Exercise instructions: Your reply should reproduce each line below exactly and carry none of the pictures.

Material provided:
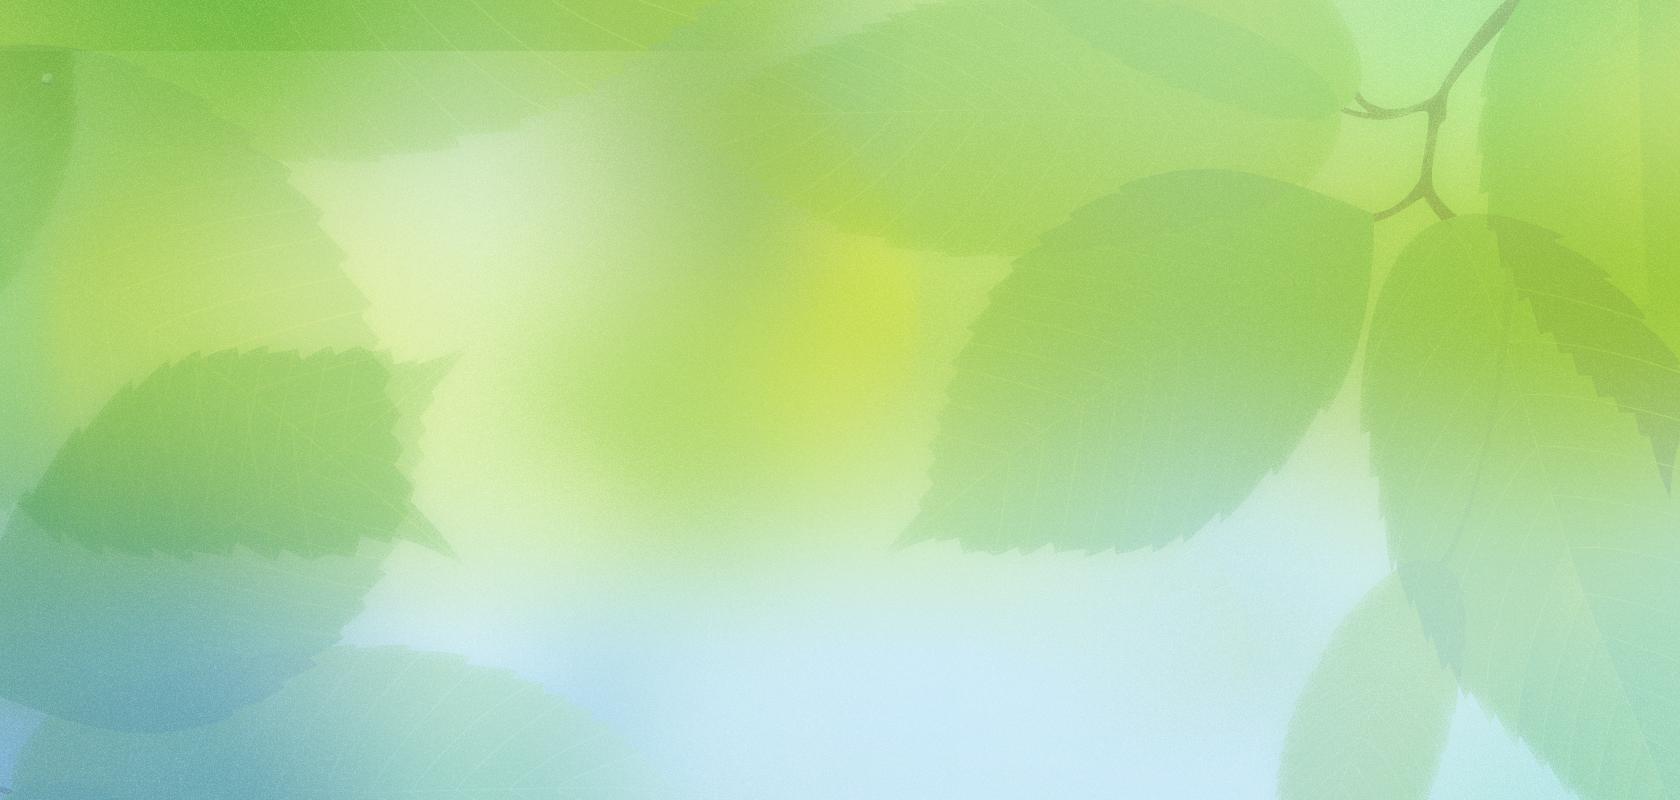 I love my company, Green Park Global (.com) :-)
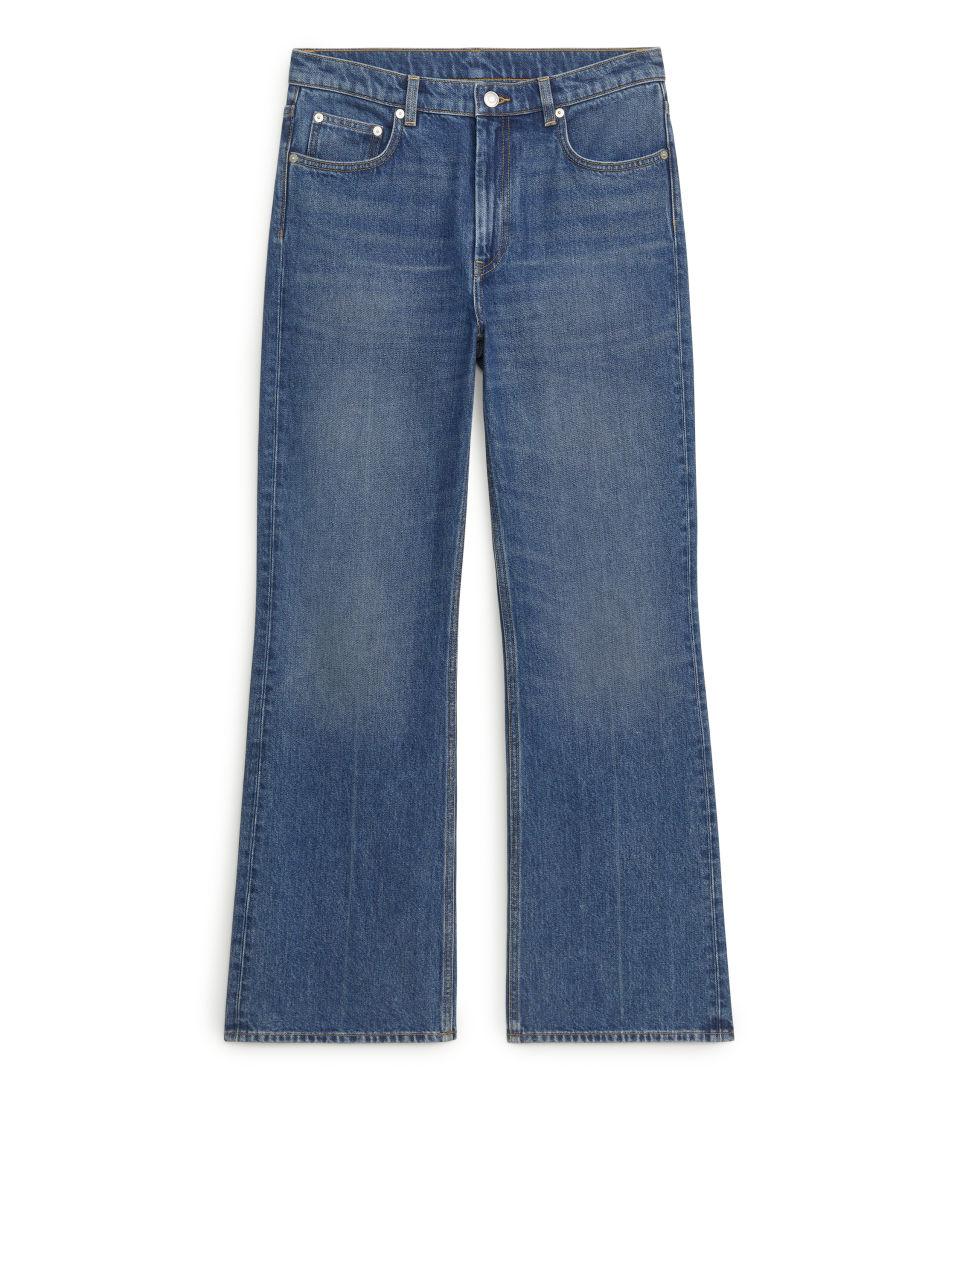 SLIM Flared Jeans - Blue
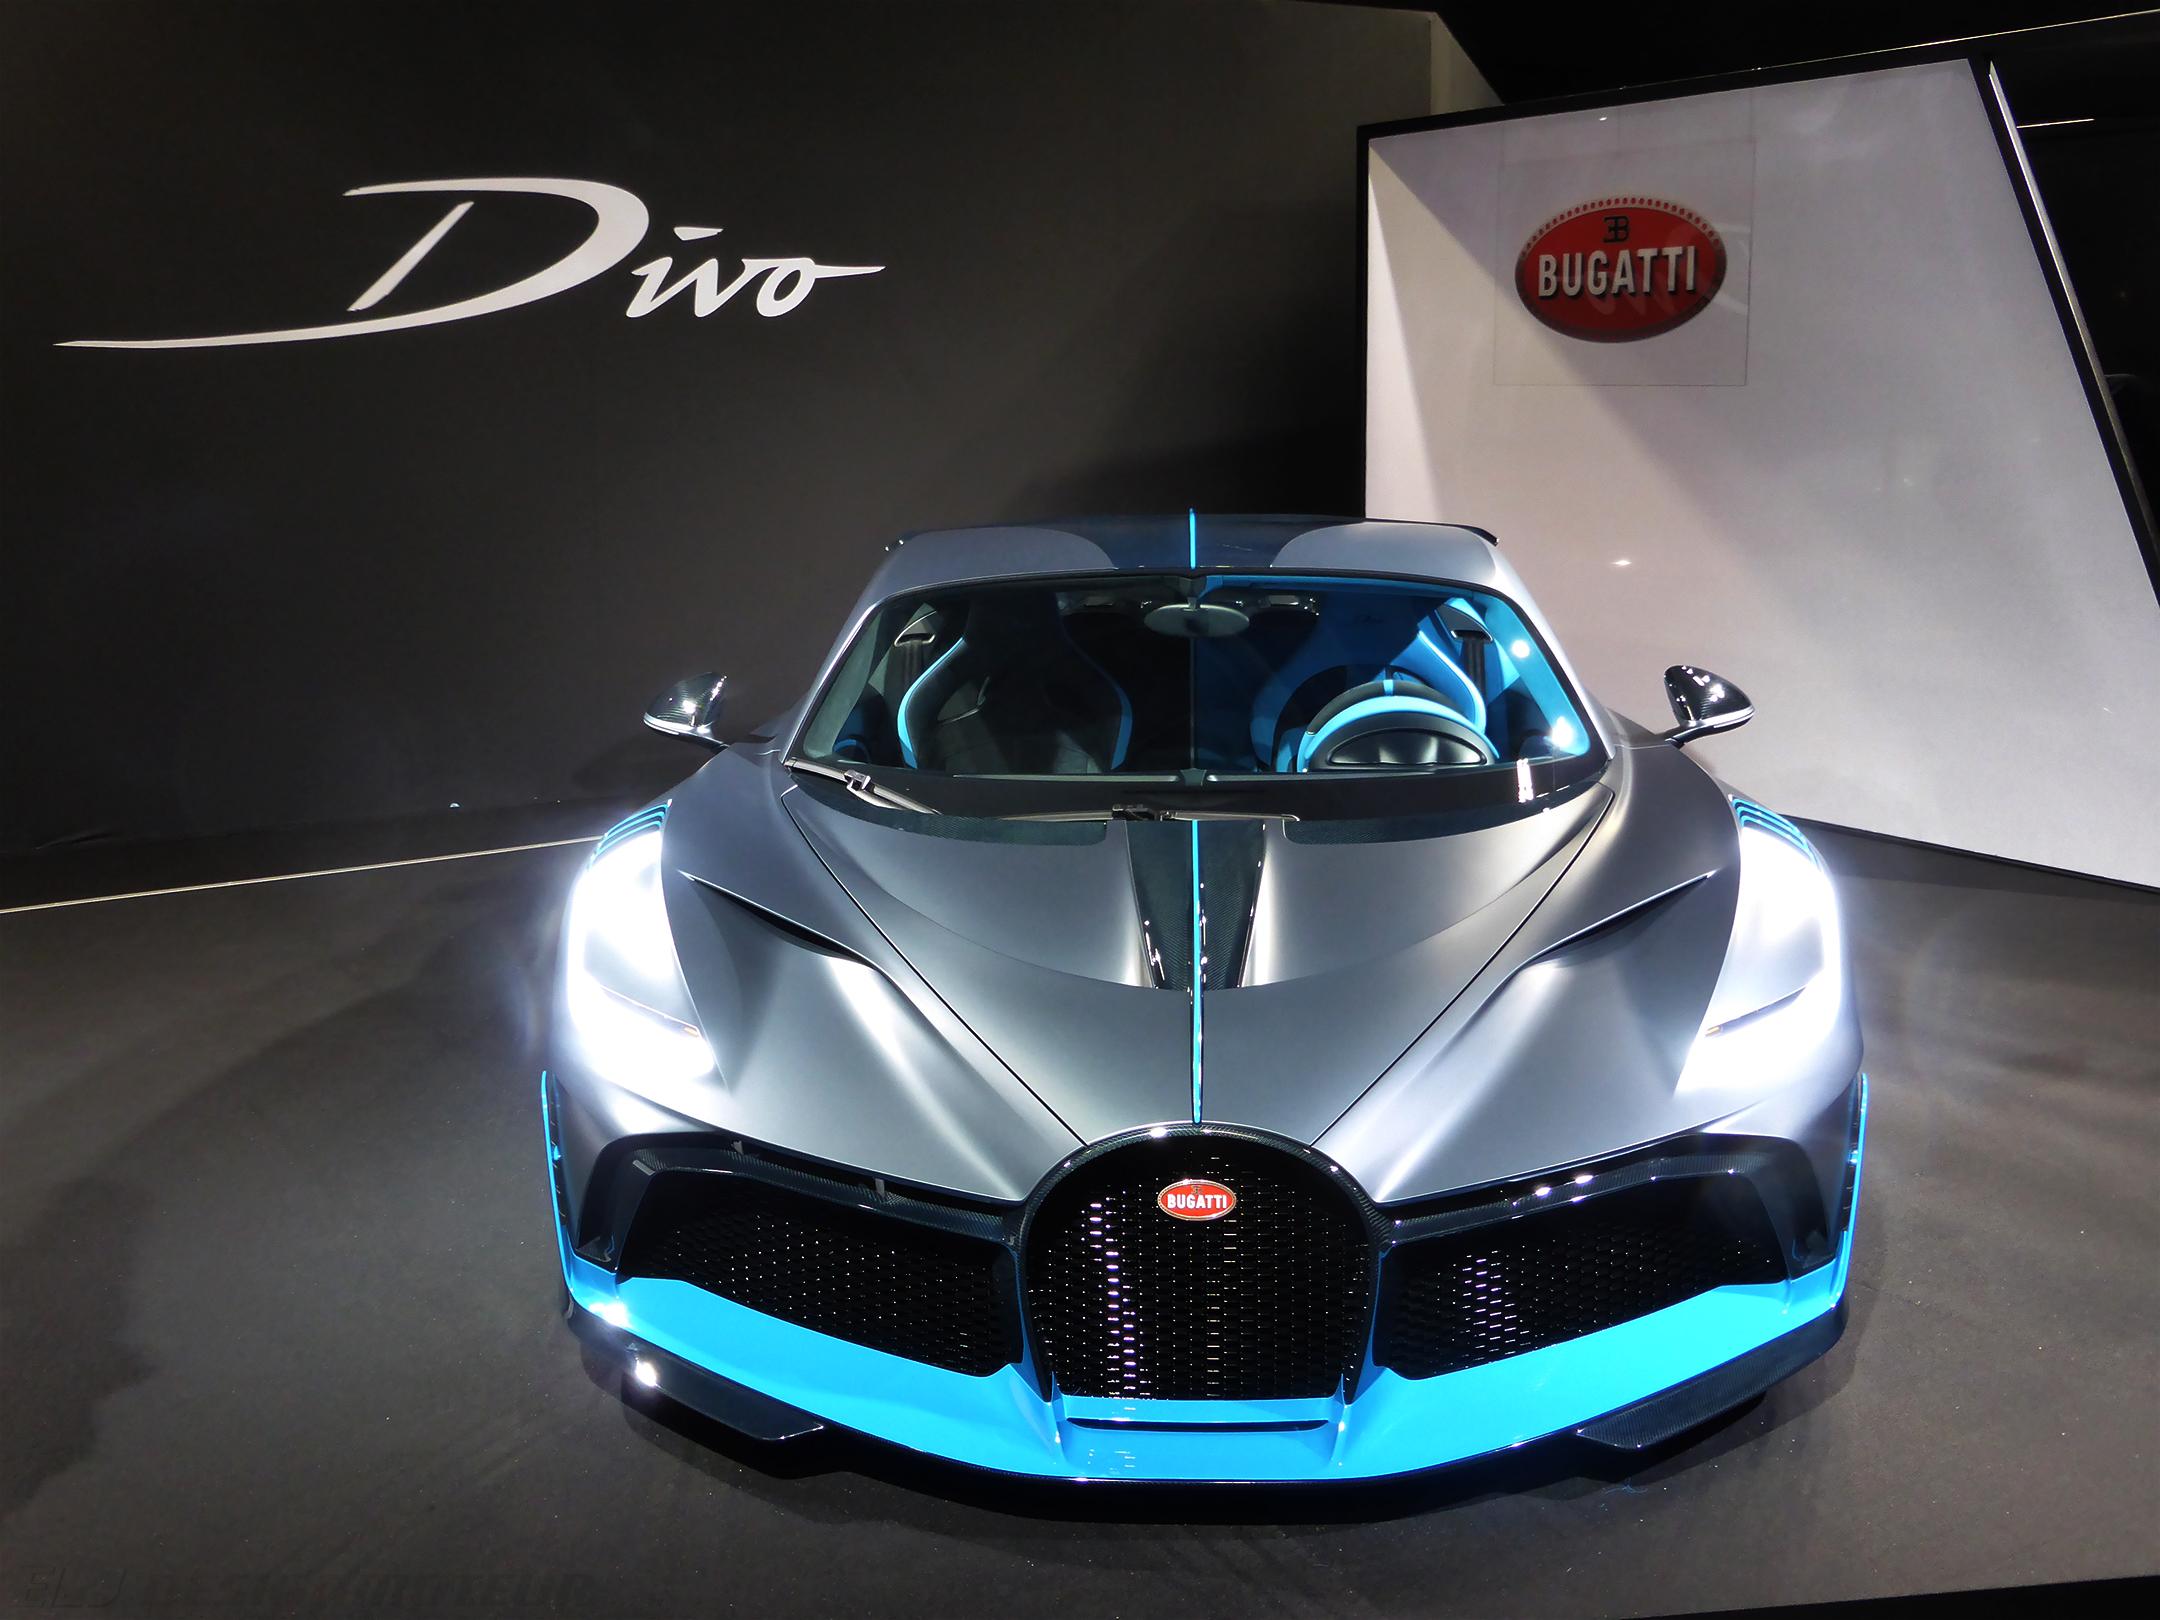 Bugatti Divo - front face - Paris Motor Show - 2018 - Mondial Auto - photo ELJ DESIGNMOTEURBugatti Divo - front face - Paris Motor Show - 2018 - Mondial Auto - photo ELJ DESIGNMOTEUR

Reply:
 I love my company, Green Park Global (.com) :-)
 SLIM Flared Jeans - Blue
 Bugatti Divo - front face - Paris Motor Show - 2018 - Mondial Auto - photo ELJ DESIGNMOTEURBugatti Divo - front face - Paris Motor Show - 2018 - Mondial Auto - photo ELJ DESIGNMOTEUR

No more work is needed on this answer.